Which is why the couple now owns a second store in Concordia, a smaller town of 2,500 33 miles away, which became theirs in June 2015. “It had limited inventory, not much on the shelves, and did $1 million in sales its last year. So, first thing, we remodeled the exterior and interior, put in a bunch of inventory, added thousands of SKUs. We also added Lawn & Garden because there wasn’t that Walmart close by: grass seed, rakes. And more contractor stuff.”

In less than six months, sales had doubled to $2 million. “It’s far enough away from our Richmond location, yet we can help each other out with stock. The customer base is similar.”

Darrell kept most of the original staff, but, by lucky accident, added a key position. “We’d never had an outside salesman (It was me), but, after being open a couple of months, an outside salesman from Lexington came in, wanting a job, and I hired him. Best thing I ever did,” he says (again). “He brought in customers from Warrensburg, from Odessa. That really helped double those sales.

“I said I’d never own a second store, but it’s worked out really well. I’d do another again tomorrow if it were in the right spot.”

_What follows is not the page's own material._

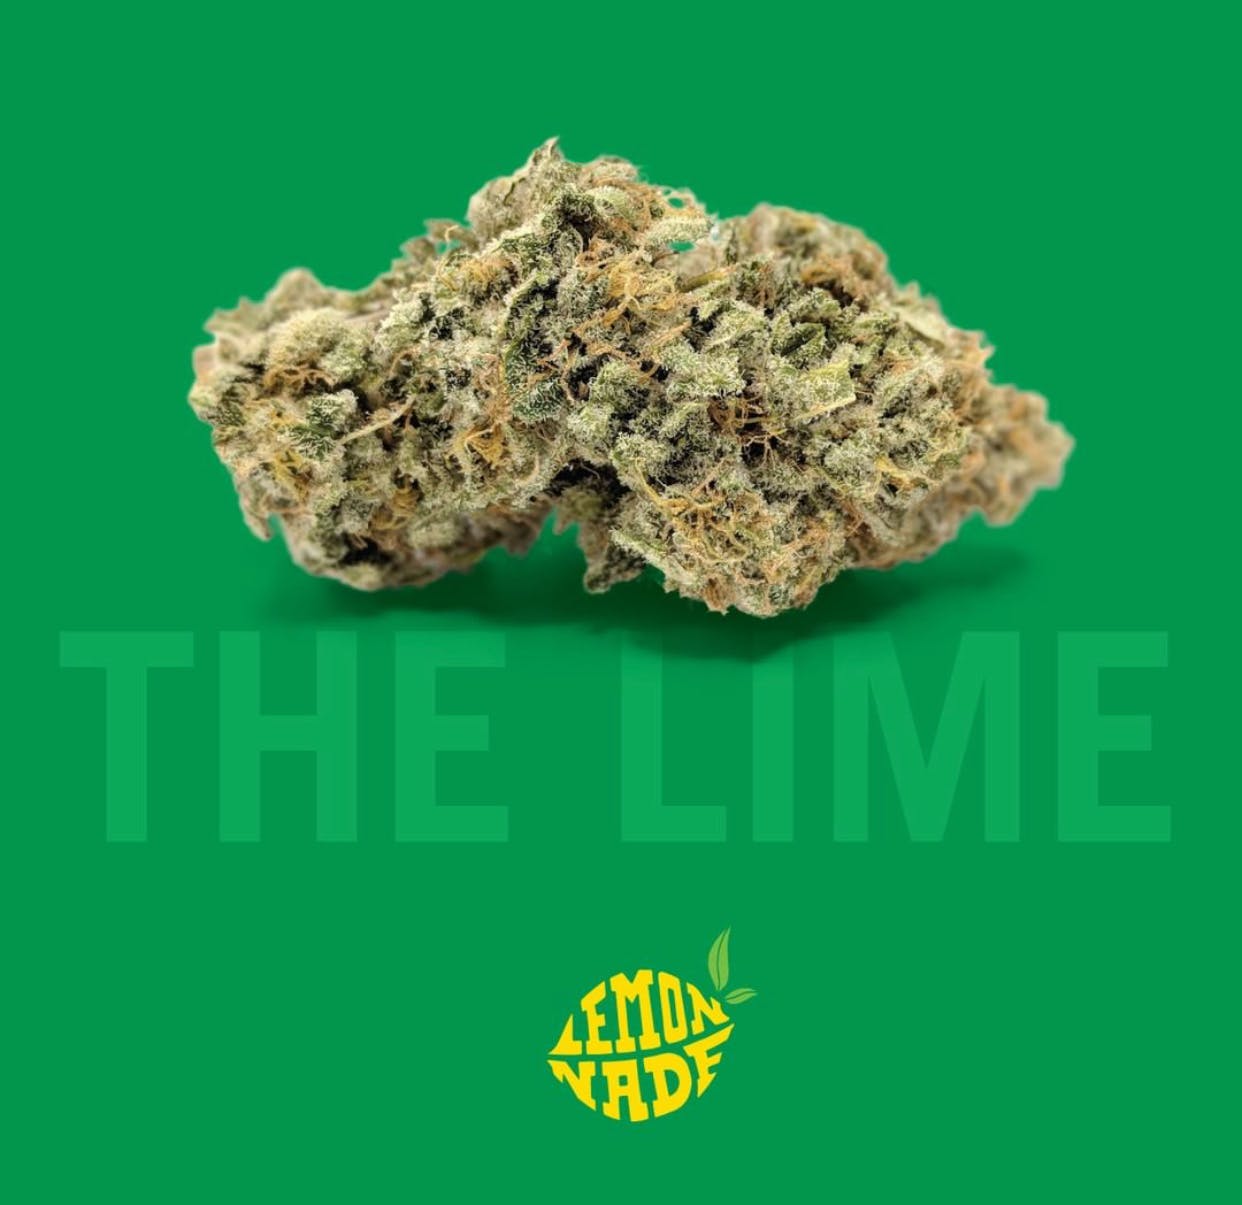 LEMONADE - The Lime

But, before that burst, there was the Great Recession to soldier through. “Oh yeah, it was bad. It made a heck of a difference. In 2005, we did 54 houses; in ’06, just nine or 10. So I had to cut some staff. I mowed the yard myself instead of paying for that. Terri did all the books herself, too.”

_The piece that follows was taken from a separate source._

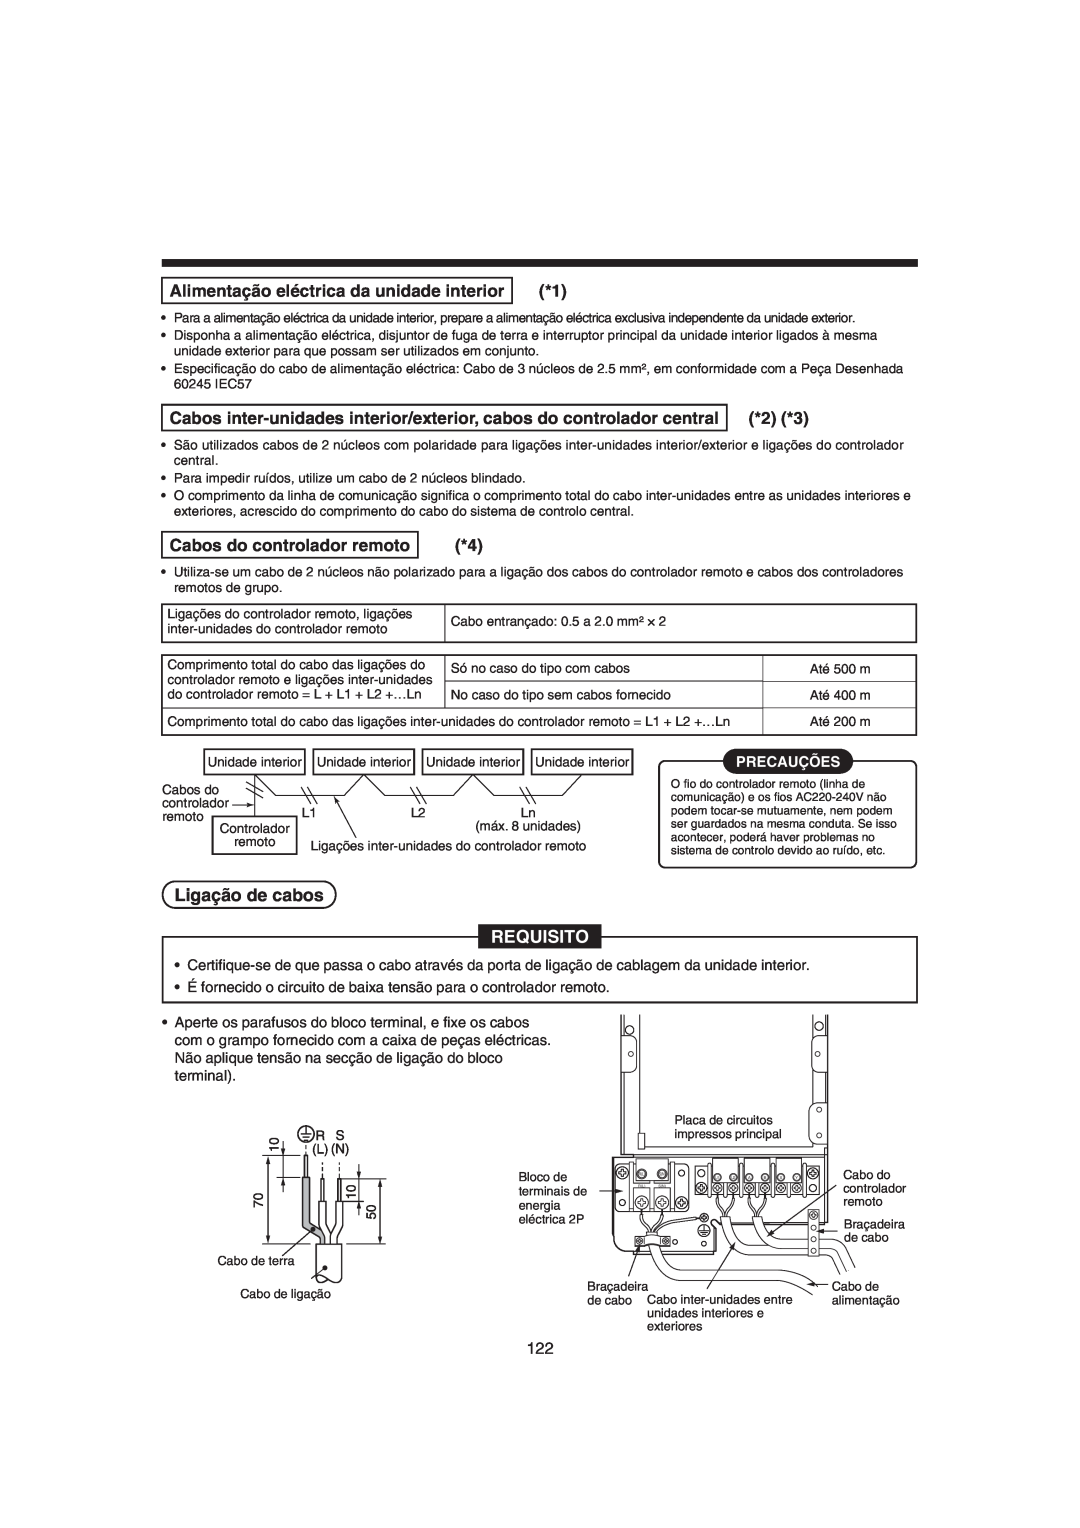 Pentax MMK-AP0071H Ligação de cabos, Alimentação eléctrica da unidade interior, Cabos do controlador remoto, Precauções

Bounce back? Yes it did. And it didn’t hurt that Derstler Lumber is the only indie yard in town. “Plus, we sell better stuff. Our treated lumber is #1, our studs, premium Doug fir. If I were someone building a custom home, I’d be concerned with stuff like that.” Good call.

So it’s safe to assume that farming’s out of the picture and that Darrell has found his calling.